A pesar de ser una de las voces más emblemáticas de México, Alejandro Fernández ha confesado que siente una enorme presión al asumir la responsabilidad de interpretar el Himno Nacional en la inauguración del Mundial 2026. En una reciente entrevista, el cantante no ocultó su nerviosismo ante un evento que será visto por millones de personas en todo el mundo.
Un reto sin precedentes para el 'Potrillo'
Durante su llegada al evento México Vibra, Alejandro Fernández fue abordado por los medios de comunicación. Al preguntarle cómo se sentía, respondió sin titubeos: "Muy bien y muy nervioso". Cuando los reporteros indagaron la razón de esa inquietud, el intérprete explicó que no se trata de una presentación cualquiera. "Pues no va a ser nada fácil, yo creo, estar ahí... No va a ser nada fácil estar en cámara y que te vean en televisión. No son cosas fáciles", señaló. Más adelante, reiteró el sentimiento que lo acompaña a pocos días del evento: "Bien nervioso, hermano".
Interpretar el Himno Nacional Mexicano en un escenario de talla mundial implica una gran responsabilidad. Además de la presión por entonar correctamente cada palabra, los artistas deben cuidar el tono, el ritmo y la ejecución frente a una audiencia global. Aunque Alejandro Fernández ha cantado en estadios y escenarios internacionales durante gran parte de su carrera, la inauguración de un Mundial representa un desafío completamente distinto. La ceremonia de apertura será uno de los momentos más vistos de 2026, y cualquier detalle quedará registrado ante la audiencia global, algo que el cantante tiene muy presente.
Alejandro Fernández aclara rumores de salud
Además de hablar sobre el Mundial, Alejandro Fernández aprovechó la oportunidad para responder a las especulaciones que surgieron recientemente en redes sociales sobre su estado físico. En días pasados, algunos usuarios comentaron una imagen en la que supuestamente se apreciaba un color extraño en su lengua, situación que generó rumores sobre posibles problemas de salud. Sin embargo, el intérprete explicó que todo tuvo una explicación mucho más simple: "Nada más solamente les quiero aclarar que esa vez era mi segundo concierto y me acababa de terminar el show y me tomé una pastilla de miel y eso fue lo que pasó". Con estas declaraciones, el cantante buscó poner fin a las versiones que comenzaron a circular en internet sobre un posible problema en su garganta o en su estado de salud.
Confirma nueva edición del homenaje a Vicente Fernández
Otro de los temas que llamó la atención fue el futuro del proyecto musical dedicado a su padre, Vicente Fernández. Alejandro confirmó que habrá una segunda edición del álbum homenaje al Charro de Huentitán y adelantó que ahora sí participarán otros integrantes de la familia. "Va a haber otra edición y van a estar toda la descendencia de Vicente, mi hermano y mi mamá", declaró. La noticia fue bien recibida por los seguidores de la dinastía Fernández, quienes habían cuestionado la ausencia de algunos familiares en la primera producción.
El pronóstico de Alejandro para México en el Mundial
Como era de esperarse, la conversación también giró alrededor de la Selección Mexicana. Cuando le preguntaron cuál era su pronóstico para el partido entre México y Sudáfrica, Alejandro Fernández respondió con optimismo: "Yo creo que unos 3-1, 3-0... Vamos por todo, obviamente a favor de México". Antes de despedirse de los medios, el cantante lanzó un mensaje patriótico que fue recibido con entusiasmo: "¡Viva México!".
Empujones y tensión durante la entrevista
La entrevista concluyó en medio de momentos de tensión, luego de que personal de seguridad comenzara a empujar a varios reporteros que intentaban acercarse al cantante.

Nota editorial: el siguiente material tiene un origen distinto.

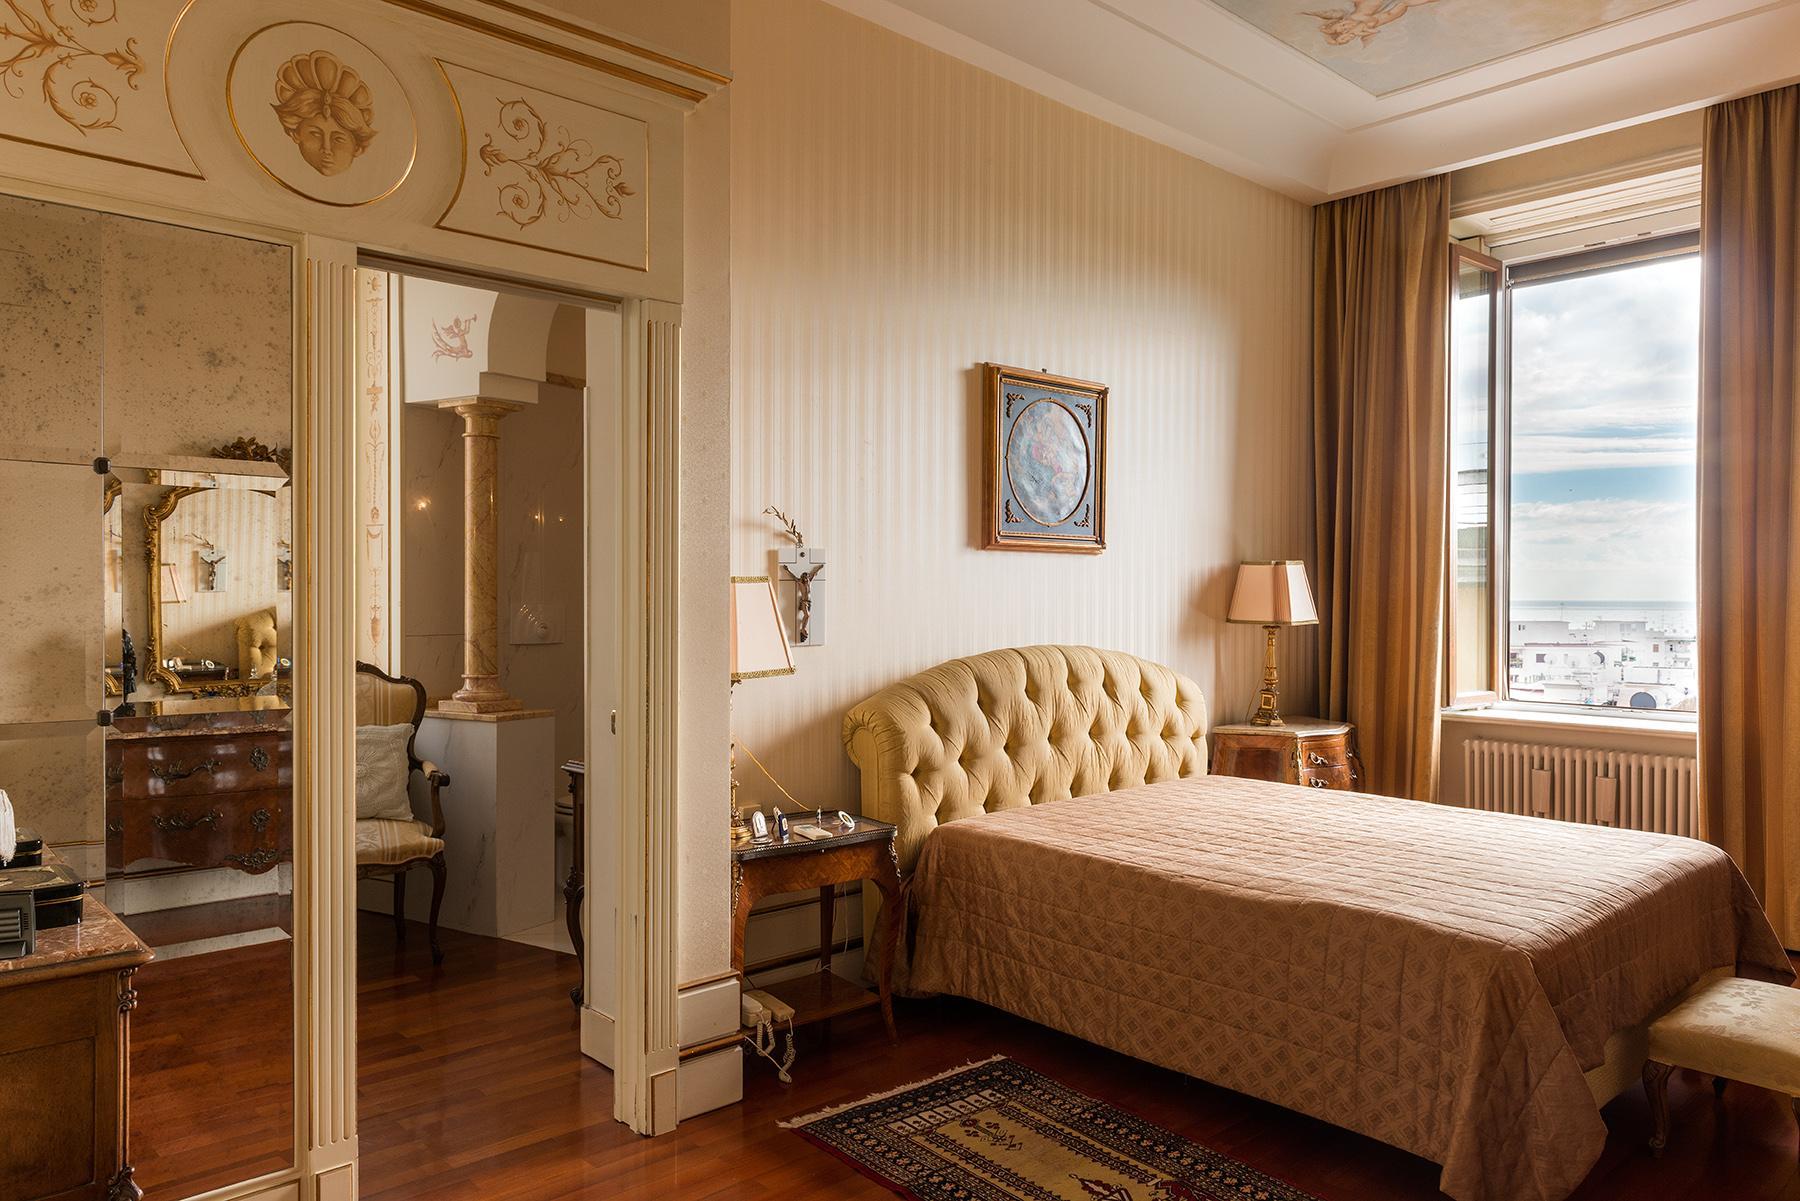 古典风格的奢华公寓 - 15

Mientras algunos periodistas reclamaban por los movimientos bruscos, se escucharon advertencias sobre el riesgo de que las cámaras resultaran dañadas durante el incidente. A pesar del caos que se generó al final del encuentro, Alejandro Fernández logró enviar un mensaje claro: está orgulloso de representar a México en la inauguración del Mundial 2026, aunque reconoce que la responsabilidad viene acompañada de una dosis importante de nervios. Y es que, incluso para una figura con décadas de experiencia y una de las carreras más exitosas de la música mexicana, cantar el Himno Nacional ante millones de personas sigue siendo un reto capaz de poner a prueba a cualquiera.